Solar panels for the birdhouse
The birdhouse also has 2kW of solar panels now. This was mostly meant as a learning project but thanks to the hybrid inverter that we use, the birdhouse is now basically behind uninterruptible power supply. The inverter has 3 inputs: grid, solar panels and battery. As long as at least one of these has energy, there will be power on the output side. Ducks tend to be rather finicky layers, and losing artificial light at the wrong moment for an hour might easily send most of the birds to molt which would mean around 4 months without laying so having an extra protection there for the power outages make some sense.
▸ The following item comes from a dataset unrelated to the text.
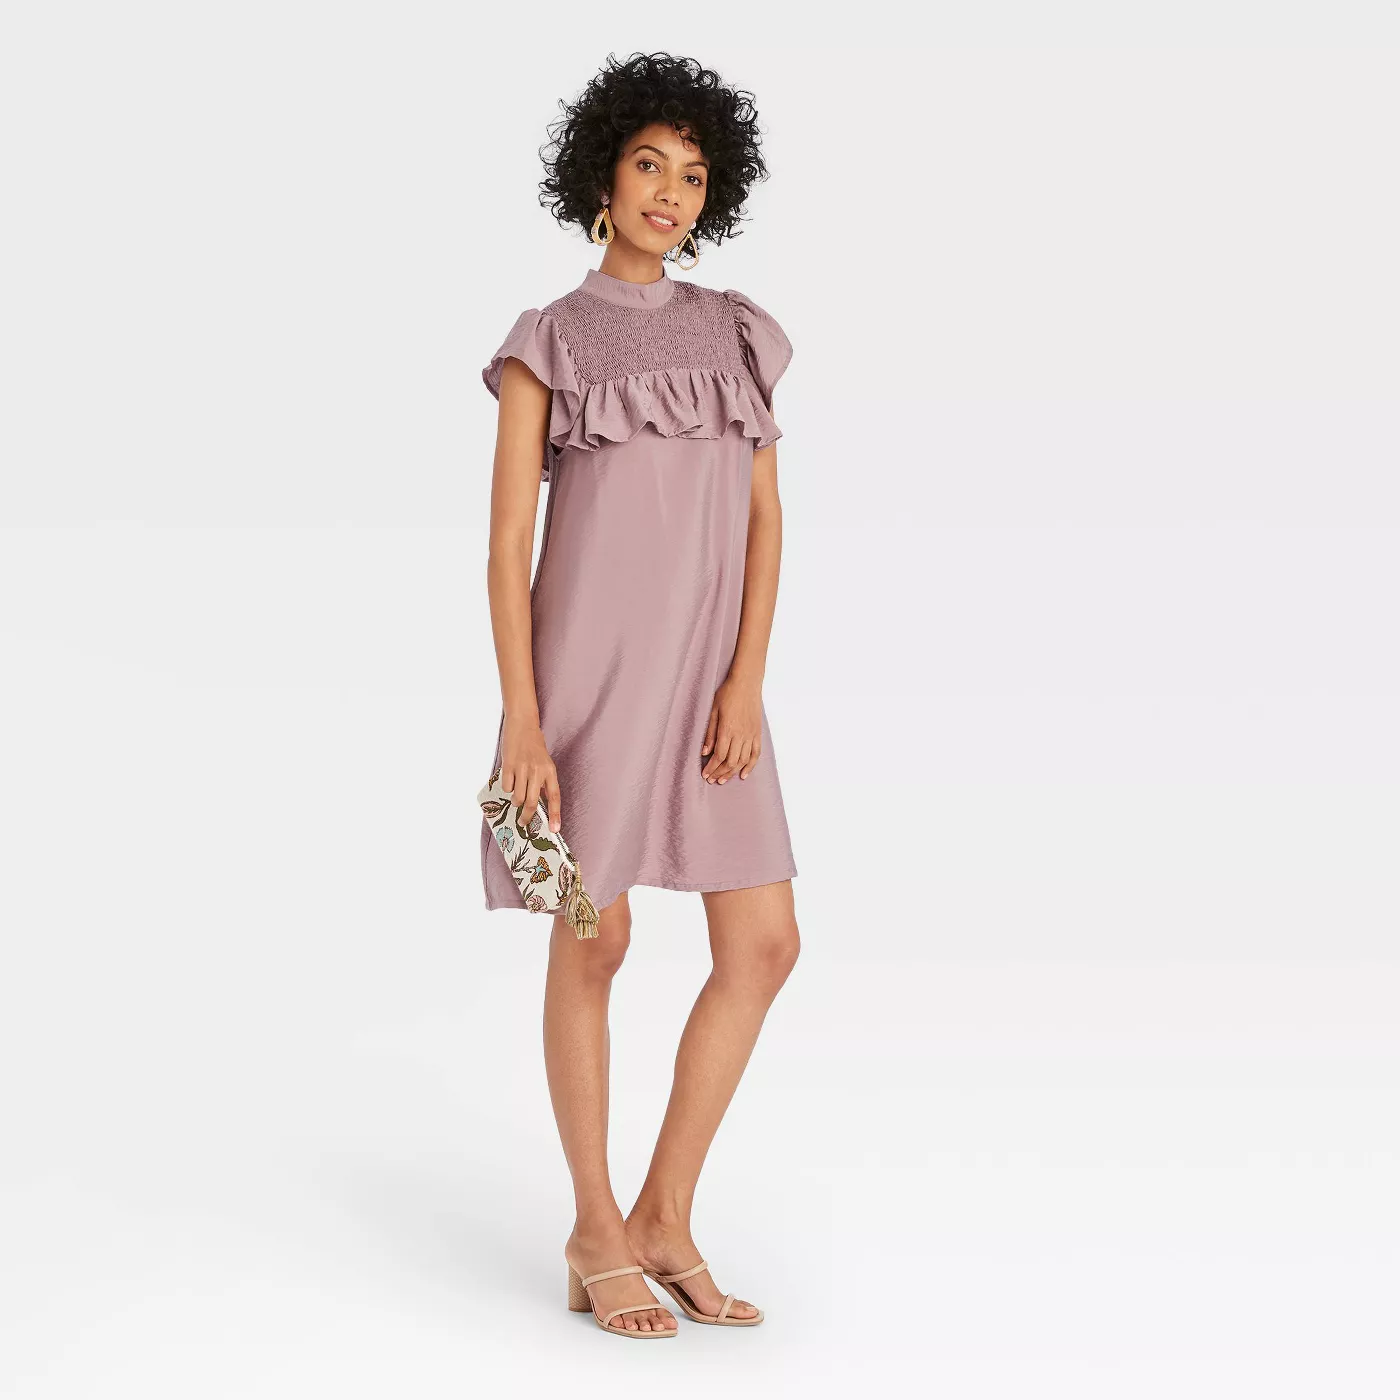 Women's Sleeveless Ruffle Yoke Dress - A New Day™ - image 1 of 6

This system also feeds our pond aeration pump which consumes 100W 24/7 which might in part pay for the system over a really long time horizon. In general though, this particular setup doesn’t make financial sense.
Two-wheeled tractor
Our household is too small to justify buying an actual tractor but also a bit too large for only using hand tools. So as a compromise we bought a two wheeled tractor. We mainly use it with a trailer to transport various things around but it also has attachments (plough, rotary hoe, ridger, mower).
Larger garden
We decided to expand our garden a bit this year and cultivated some of the land that had been covered by willow herbs for the last 10 years or so. We planted a row of apples, saskatoon and blue honeysuckle. This row of trees and bushes separates our expanded garden from sheep pasture. We cultivated potatoes there using 3 different methods, to see which works best (from permaculture to classical). We also grew some cucumbers, cabbages and onions.
Robot
I built my largest robot yet which we tried using for watering the cucumbers and herding sheep. You can read more about it here.
Animals
Hens
The other day we were driving home with Marju and I took a different road (which I had never done before). We noticed there was a van standing in a parking lot that we passed and people were standing in a line for something. Having both lived briefly in soviet times we felt an immediate urge to investigate what was on offer :-P It turned out to be chicken… Considering all the probabilities which had lined up that day so that the chicken salesman and us would be at this place at the same time, we felt it was probably a sign from the universe and bought 12 hens. They now more-or-less happily share the house with ducks and provide us with eggs during the winter when ducks stop laying. Since ducks live on the floor and hens prefer higher places it makes for a really efficient space usage too! We have lost 2 of them to the hawk though and had to cull one which was aggressive towards ducks.
Grass carp
We have a rather large pond (around 1000 m^2 and up to 3m deep). Keeping it clean enough to swim in has always been a struggle so among other methods we have added 10 grass carp every year for the last 5 years. Before this year I had not seen any of them though so we weren’t sure if they were still alive. I’m not sure if we just learned how to see them or they just aren’t as shy anymore but this year we saw a lot of them.
Quail
This year we moved quail from our house to the birdhouse. It turns out they really are smelly and it’s not just an urban legend :-P
But quail in general didn’t seem to be all that happy with their life and didn’t lay much anymore (even before moving). They sometimes pecked each other and some nails and beaks had deformed from living on the mesh floor. Keeping them in the same room with hens didn’t work out well too since hens ate some of their food and tended to shit on top of their cage. So we ate the quails and currently have no plans to take new ones.
Sheep
We started the year with 6 pregnant ewes. 5 gave birth to live twins and the last one to dead ones. Marju wrote a detailed post about it here. We culled some of the older ewes because of the health problems and currently our flock consists of 12 sheep (9 ewes and 3 wethers).